What to do about a family obsessed with weight
Advice columnist Carolyn Hax gives tips to a reader tired of being the only member of the family not fixated on thinness.
DEAR CAROLYN: Each and every member of my immediate family views thinness as the absolute key measure of success in life. Some are bulimic, some anorexic, but all have eating disorders.
I’m in my mid-50s, athletic, and of average weight according to medical guidelines. My weight has fluctuated about 15 pounds through the years. I visit as frequently as I can from a several-state distance.
The first thing, and I stress, the VERY first thing, said to me upon arrival is: “You look like you’ve lost weight.” Or, if I’m up 15, nothing is said but diet tips will be given throughout the visit.
My parents are elderly, and it’s too late to change that pattern now. My sister, though, is an unwanted, talking scale. Many years ago, while I was getting rid of post-baby fat, she grabbed my niece and my daughter and went into a circle dance, chanting, “We’re the skinnies! We’re the skinnies!” ’Round and around they went. I hated her for it, and I hated me for being “fat.”
Recently, in the middle of a conversation about what to do about ailing parents, she chimes in, out of the blue, with, “You’re doing so well with your weight! I’m so proud of you. We’ve all been talking about it.” She’s ruthless.
I was thinking, “$+^&! you.” But just said nothing. I never want to hear a word from her again on the topic. What to say to stop it, once and for all?
— Family Obsessed With Weight
DEAR FAMILY OBSESSED WITH WEIGHT: My (imagined) hat’s off to you for still visiting often. My car might have forgotten how to get there after years of cruel, humanity-negating myopia like this.
Assuming you keep up the visits, I offer three words: “I don’t recall.”
“I don’t recall asking your opinion of my weight.”
“I don’t recall asking for help with my diet.”
“I don’t recall seeking your approval.”
“I don’t recall any part of our parents’ care that involves my weight.”
“I don’t recall any mention of weight in discussions of morality or values.”
“I don’t recall ever agreeing that weight is a measure of a person’s character.”

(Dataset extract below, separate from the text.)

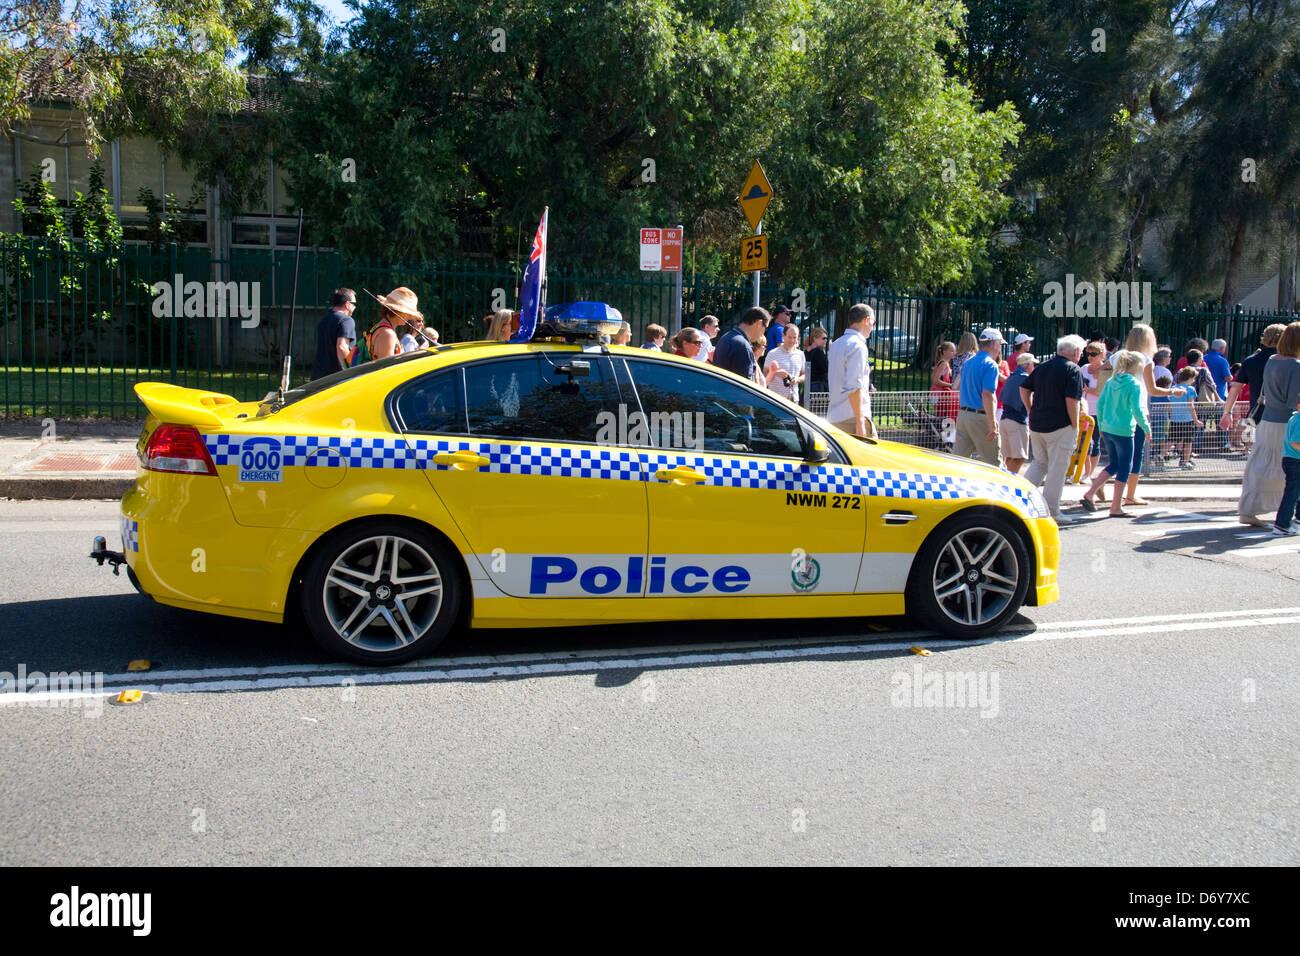 Australian Police Car Stock Photos & Australian Police Car ...

“I don’t recall when discussing weight was ever helpful to me.”
“I don’t recall ever judging your worth based on your appearance.”
And, “Your sick values aren’t welcome around my daughter.”
Each and every time, speak with minimal emotion, and follow each and every time by disengaging — changing the subject, leaving the room, getting up to “stretch my legs,” maybe with a two-handed slap to the belly — or a decision to stay gone for good.
I actually pity your sister and parents for how many of their life chips they’ve put on this meaningless square. With resolve and some practice (in therapy, if the “I hated me” still applies), you too can react to their comments more with pity than outrage. I expect that will help.
DEAR CAROLYN: When a woman asks what I think of her new tattoo, how do I respond? Look without looking? Especially when I’m “being a pervert” for looking at her chest. Even if that’s where it is.
DEAR CONFUSED: It’s just bait, which is generally best not taken (because it gets you involved with baiters). When in doubt: “I think there’s no answer that doesn’t get me in trouble.”